Why everything in life couldn’t be as unassuming as nature, I had no idea.
Out here there was no need for games or agendas. There were no lies to be told or plotting to be made. And when you re-entered the real world after seeing this, you had to wonder when mankind decided to make life so complex.
I sighed and rubbed away the crease in my forehead. Sometimes my philosophical questions during shoots gave even me headaches.
But really, though. Sometimes I didn’t know whether to be proud or worried that all I needed in life were the 50 megapixels wrapped around my neck. I mean, I needed my relationships with my friends and family, sure. But this camera had become my life.
I was starting to wonder if that was a good thing or not.
After all, the person who I’d once thought was my life…well, he left me.
He was gone.
And I had moved on.
Sort of. Mostly.
Either way, he hadn’t wanted me so I concentrated on other things.
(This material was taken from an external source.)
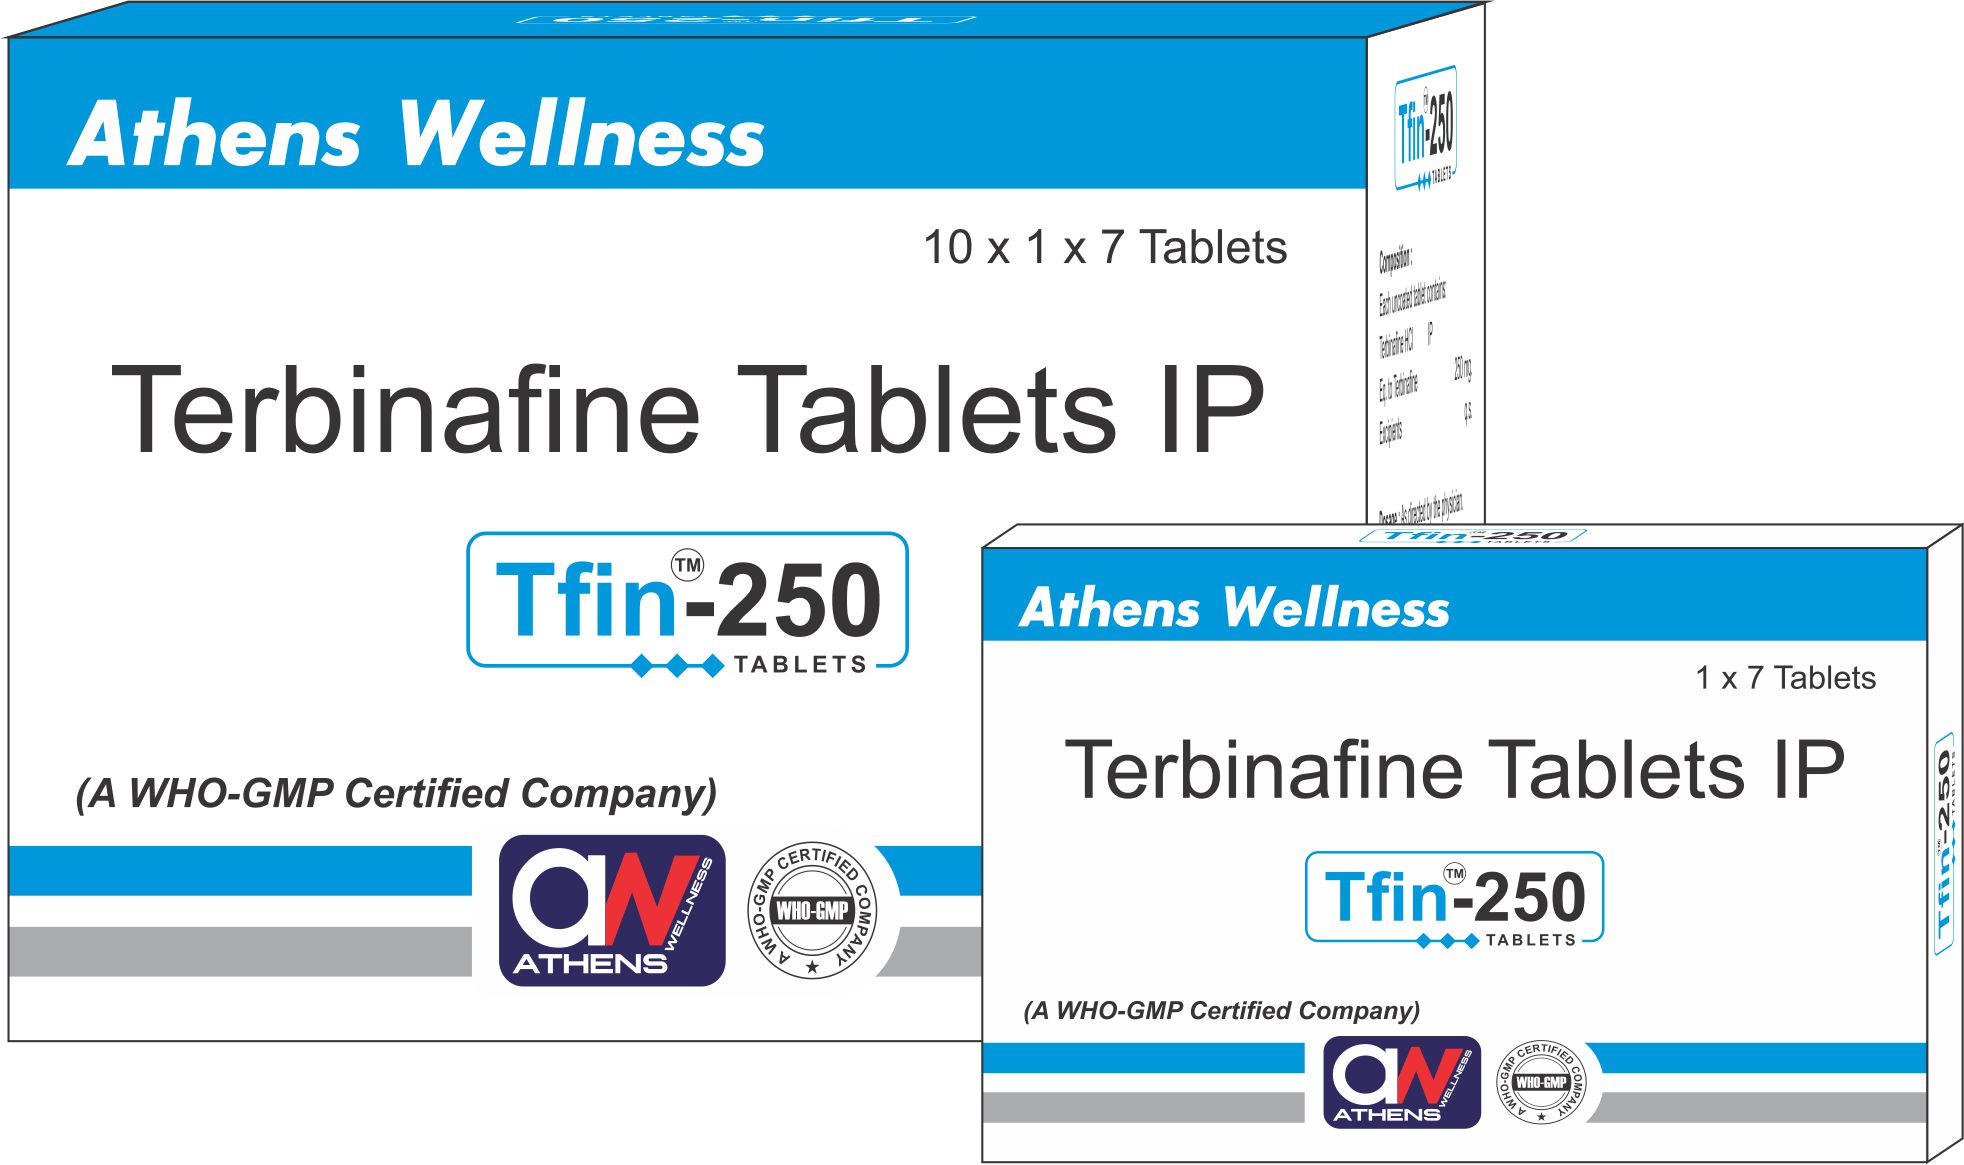 TFIN-250 TABLETS

Movement in my peripheral vision caused my head to whip to the side, my vision zoning in on the dark figure leaning against a tree, holding a big rifle. No worries, though. It was just my guide that the nature magazine had hired to take me out here. Never could be too careful in the wilderness. I carried a knife just in case I happened to encounter any unseemly characters…like bobcats.
Or bears.
Not that a measly hunting knife would do anything to protect me against a bear. But carrying a gun was too difficult with all the positions I had to get in for some of my shots. Which was why I often had guides. I got so into my work that I often forgot they were there most of the time, anyway, so it wasn’t as if they disturbed me.